Hrant Kasparyan / Demokrat Haber

İstanbul Yenikapı’da geçen Pazar günü yapılan “Teröre karşı tek ses” mitinginde konuşan Cumhurbaşkanı Recep Tayyip Erdoğan’ın dile getirdiği, “Hangi partiden olduğu fark etmez, 550 tane milli ve yerli vekil istiyorum” sözlerine ilişkin tartışma büyüyor.

Tartışmalarda, “yerli ve milli” vurgusunun HDP’ye yönelik olduğu yorumları yapılırken, kimileri de bunun, “uluslararası çevrelere” mesaj olduğunu savunuyor.

Erdoğan’ın, basın, sosyal medya ve televizyon programlarındaki tartışmaların gündemine oturan “yerli ve milli” vurgusu, Sözcü gazetesinin bugünkü sayısında ayrımcı bir yaklaşımla ele alındı.

Sözcü gazetesi bugün yayımlanan sayısının birinci sayfasında, AKP’nin Kürt, Zaza, Ermeni, Afgan ve sonradan Türkiye vatandaşlığına geçen milletvekillerinin fotoğraflarını etnik aidiyetleriyle birlikte ifşa ederek, “terör” bahanesiyle milliyetçi söylemlerle gündemi meşgul etmeye çalışan AKP’li temsilcilerle adeta ırkçılık yarışına girişti.

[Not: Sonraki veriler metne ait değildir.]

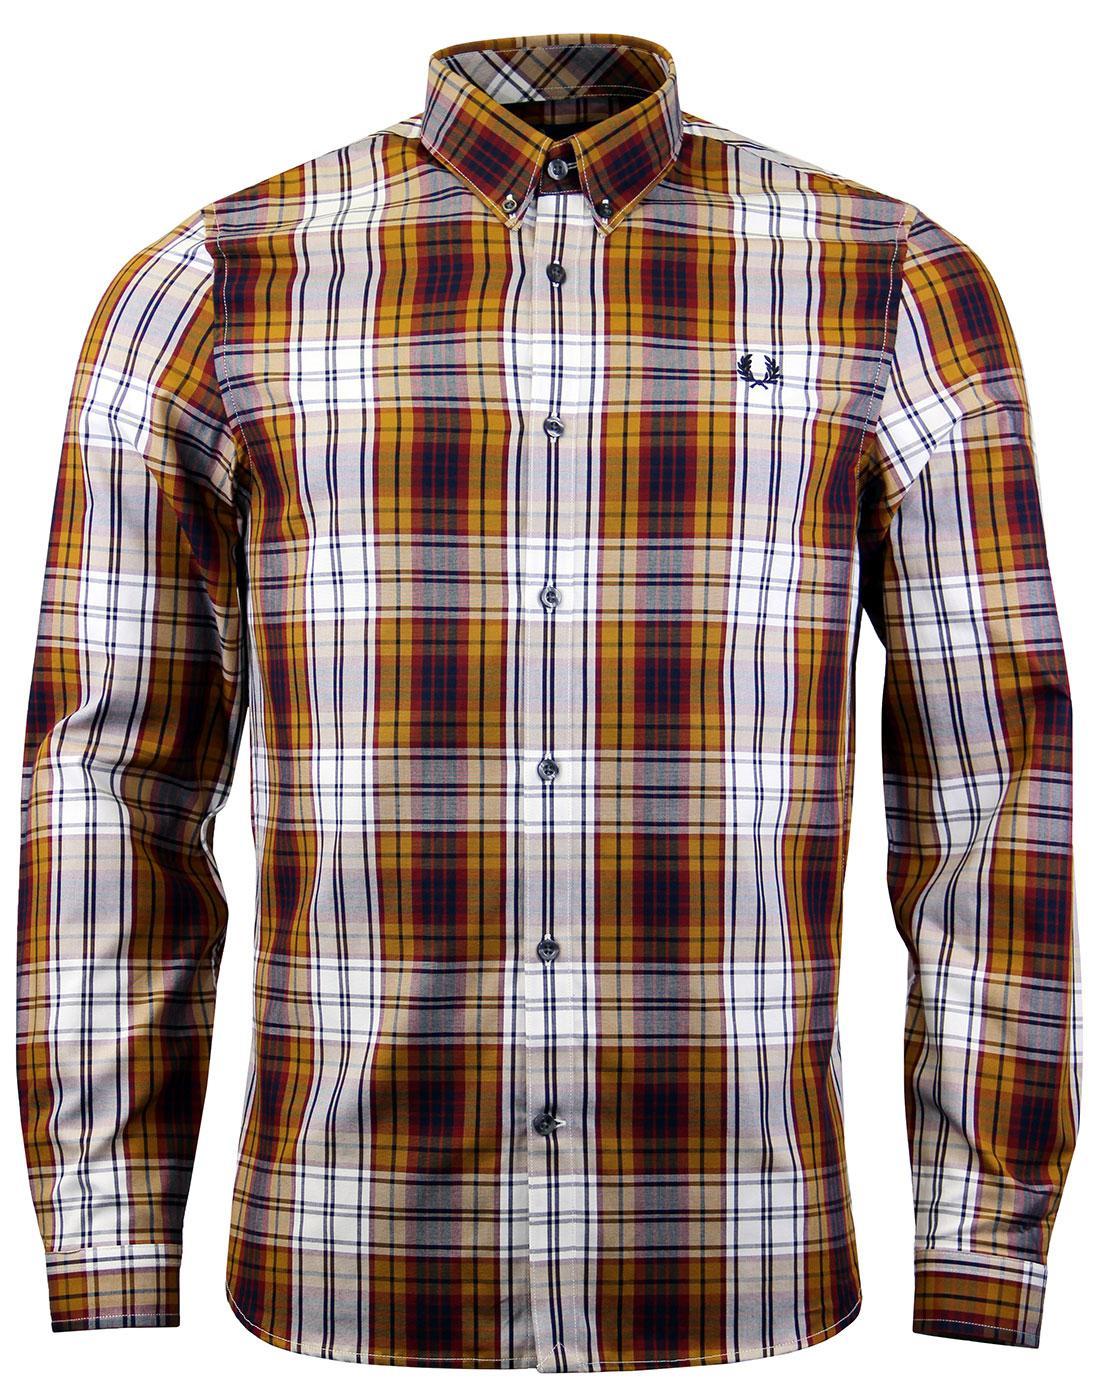 FRED PERRY Retro Mod Bold Check Tartan Shirt (Mu)

Gazete, manşetten duyurduğu ve İsmail Şahin imzasıyla yayımlanan haberinde, ayrımcı bir dille ifşa ettiği vekillerin etnik aidiyet ve kişilikleriyle alakası olmamasına rağmen, Türk TELEKOM, TÜPRAŞ, PETKİM ve TEKEL’in de aralarında bulunduğu kamu kuruluşlarının hisselerinin özelleştirme yoluyla, ABD, İngiltere, Azerbaycan, İsrail, Çin, Almanya ve Arap firmalara satıldığını belirtti.

“Yerli ve milli” devlet kurumları ile özel şirketlerin, “Cumhuriyet’in kazanımı” olduğunu iddia eden gazete, bunların “üç kuruşa yabancılara satıldığını” savunarak, AKP’li Kürt, Zaza ve Ermeni milletvekillerinin fotoğraflarını aynı haberin görsel malzemesi olarak yayımladı.

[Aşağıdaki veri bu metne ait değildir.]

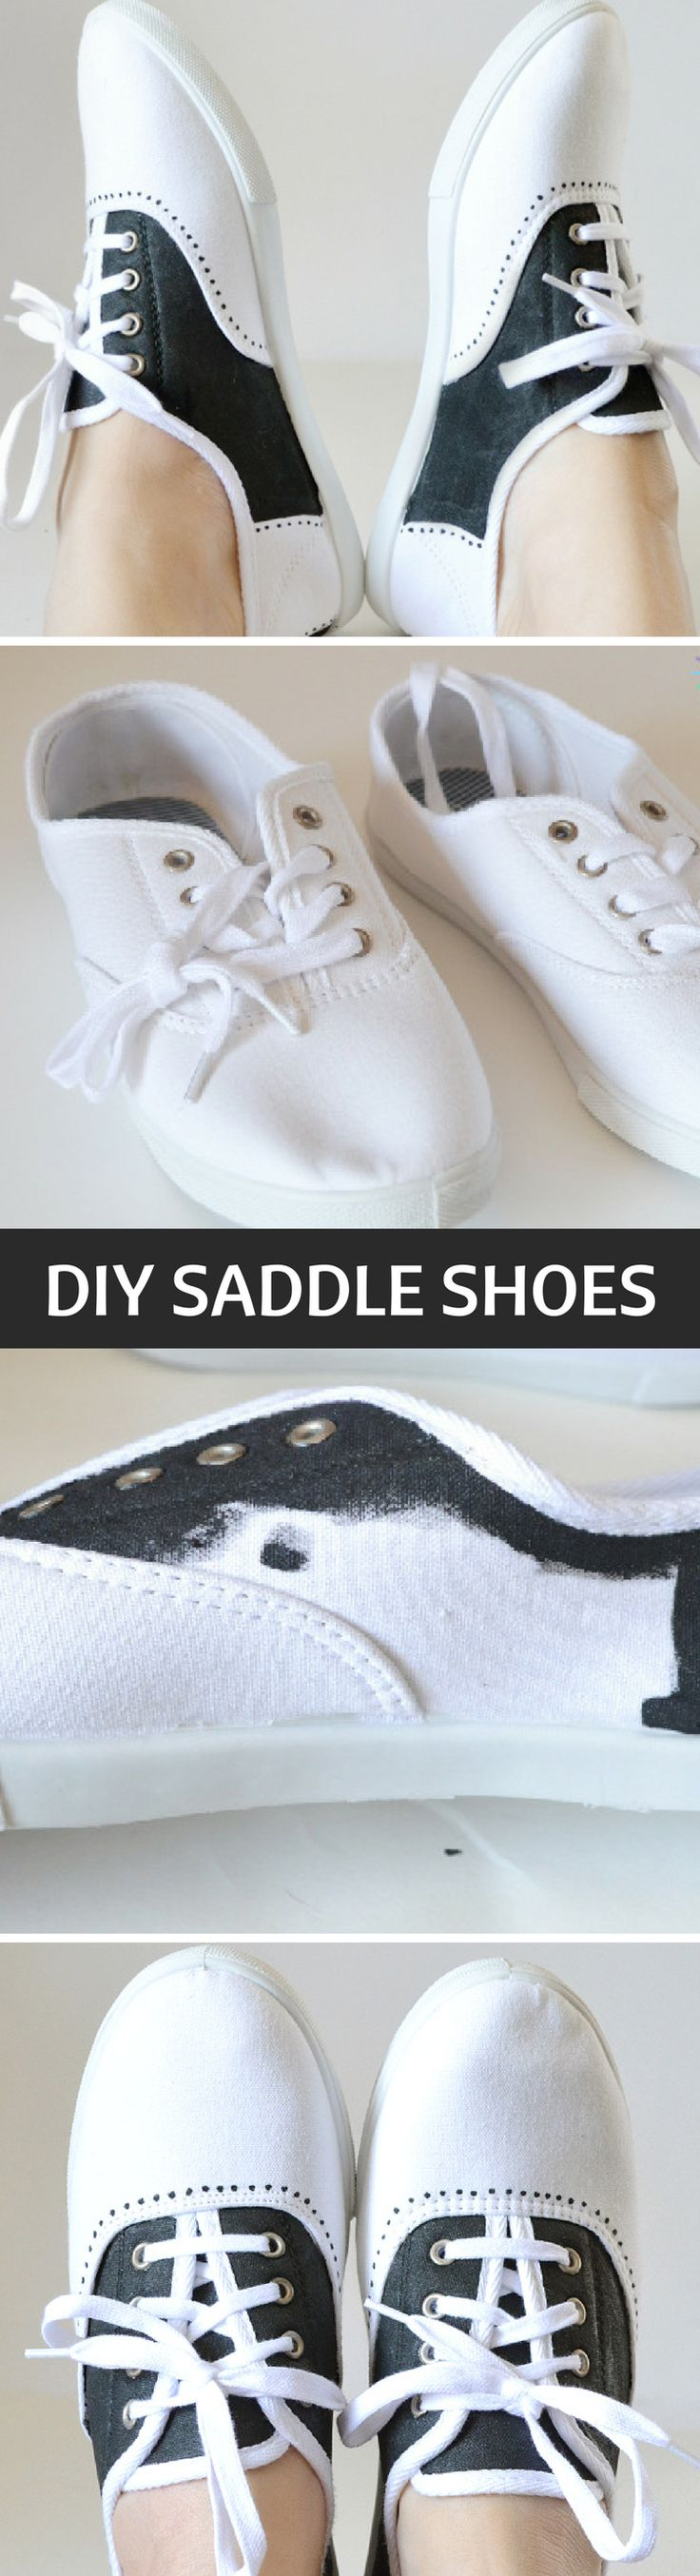 Shoe Makover: Painted Faux Saddle Shoes Tutorial

Haberde şu ifadelere yer verildi: “Cumhurbaşkanı Erdoğan, “milli ve yerli vekil” istiyor, Başbakan Davutoğlu meydanlarda “Türkiye’de her şey milli ve yerli olacak” diyor. Ekonomide yaşananlar ise bambaşka şeyler söylüyor. Özelleştirmeler yoluyla Türkiye’nin en büyük kamu kuruluşları satıldı. Stratejik öneme sahip çok sayıdaki kuruluşta uluslararası şirketler söz sahibi oldu.”

“AÇIKLIĞA KAVUŞTURULMASI GEREKEN TEHLİKELİ DURUM”

Erdoğan’ın “milli ve yerli vekil istiyorum” sözleri, Hürriyet gazetesi yazarı Akif Beki tarafından da eleştirildi. Konuyu bugünkü köşesine taşıyan Beki, “Artık sütünde bozukluk aramak da helaldir, kökü dışarıda demek de” diye yazdı.

Beki, bugünkü yazısında konuya ilişkin tartışmaları da ele aldı. Erdoğan’ın sözlerine ilişkin belirsizliğin, “dolduruşlarla geçiştirilmeden açıklığa kavuşturulması gereken tehlikeli bir durum” olduğuna işaret eden Beki, “Arkası kendiliğinden sökülür gelir... Artık sütünde bir bozukluk aramak da helaldir, ‘kökü dışarıda’ demek de. Hatta direkt ecnebi tohumu olduğuna bile fetva verilebilir. Ne İsrail hesabına çalışan satılmışlığı kalır, ne avdetiliği, ne Sabetayistliği, ne kripto Ermeniliği...” diye yazdı.